B. Runner and Customer Experience

    How many runners signed up for each 1 week period? (i.e. week starts 2021-01-01)
    What was the average time in minutes it took for each runner to arrive at the Pizza Runner HQ to pickup the order?
    Is there any relationship between the number of pizzas and how long the order takes to prepare?
    What was the average distance travelled for each customer?
    What was the difference between the longest and shortest delivery times for all orders?
    What was the average speed for each runner for each delivery and do you notice any trend for these values?
    What is the successful delivery percentage for each runner?

🍕 section c — customer & business intelligence

C1. total customer spend
 which customers bring in the most revenue?

use to argue for vip memberships or spend-based rewards.

C2. customer frequency (distinct days of orders)
 who orders regularly vs. one-off customers?

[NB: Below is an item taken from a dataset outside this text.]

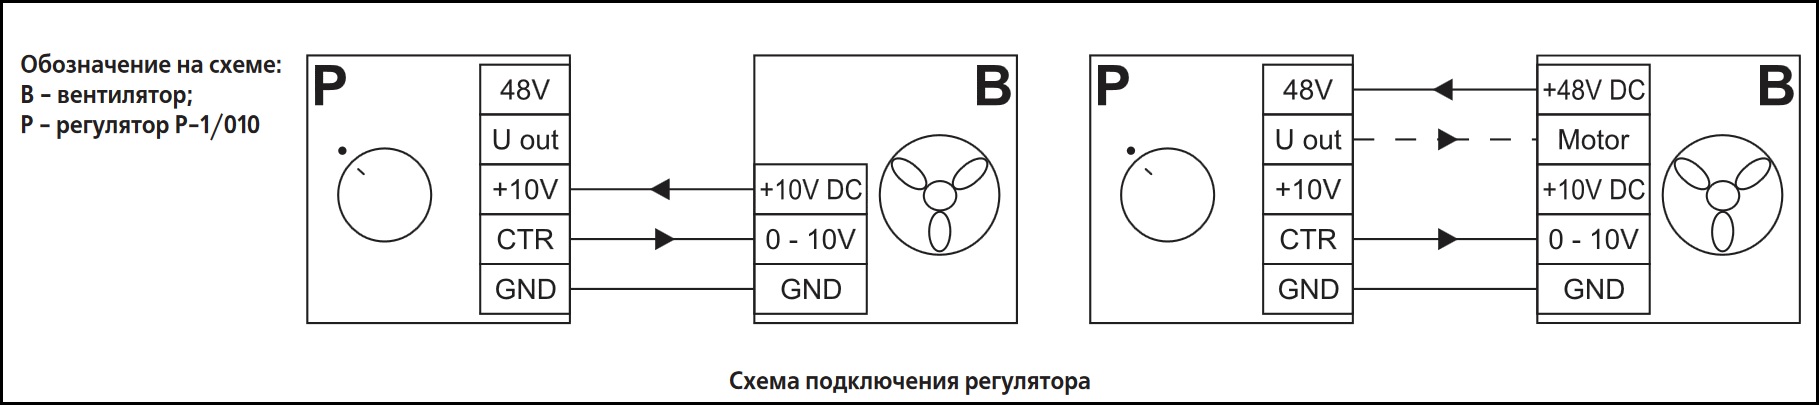 Схема подключения регулятора скорости ВЕНТС Р-1/010

segment into loyal customers vs. occasional customers.

hint at frequency-based discounts (e.g., 5th order free).

C3. first pizza ordered by each customer
 what attracts customers initially?

good to identify entry-point pizzas (the hook item that brings people in).

hint at discounts on first-order pizzas to acquire new customers.

C4. overall best-seller pizza
 which pizza keeps the lights on?

highlight as a flagship product to promote.

use for seasonal bundles (“summer deal with our #1 pizza”).

C5. most popular pizza by customer
 can we personalize offers?

recommend personalized “customer favorites” discounts.

hint toward AI/BI-driven recommender systems.

C6. regulars with ≥30 orders and their go-to pizzas
 who are the heavy hitters and what do they like?

obvious loyalty program candidates.

pitch: “keep them happy with exclusive rewards so they don’t churn.”

C7. customers with very consistent habits (always order the same pizza)
 creatures of habit = stable recurring revenue.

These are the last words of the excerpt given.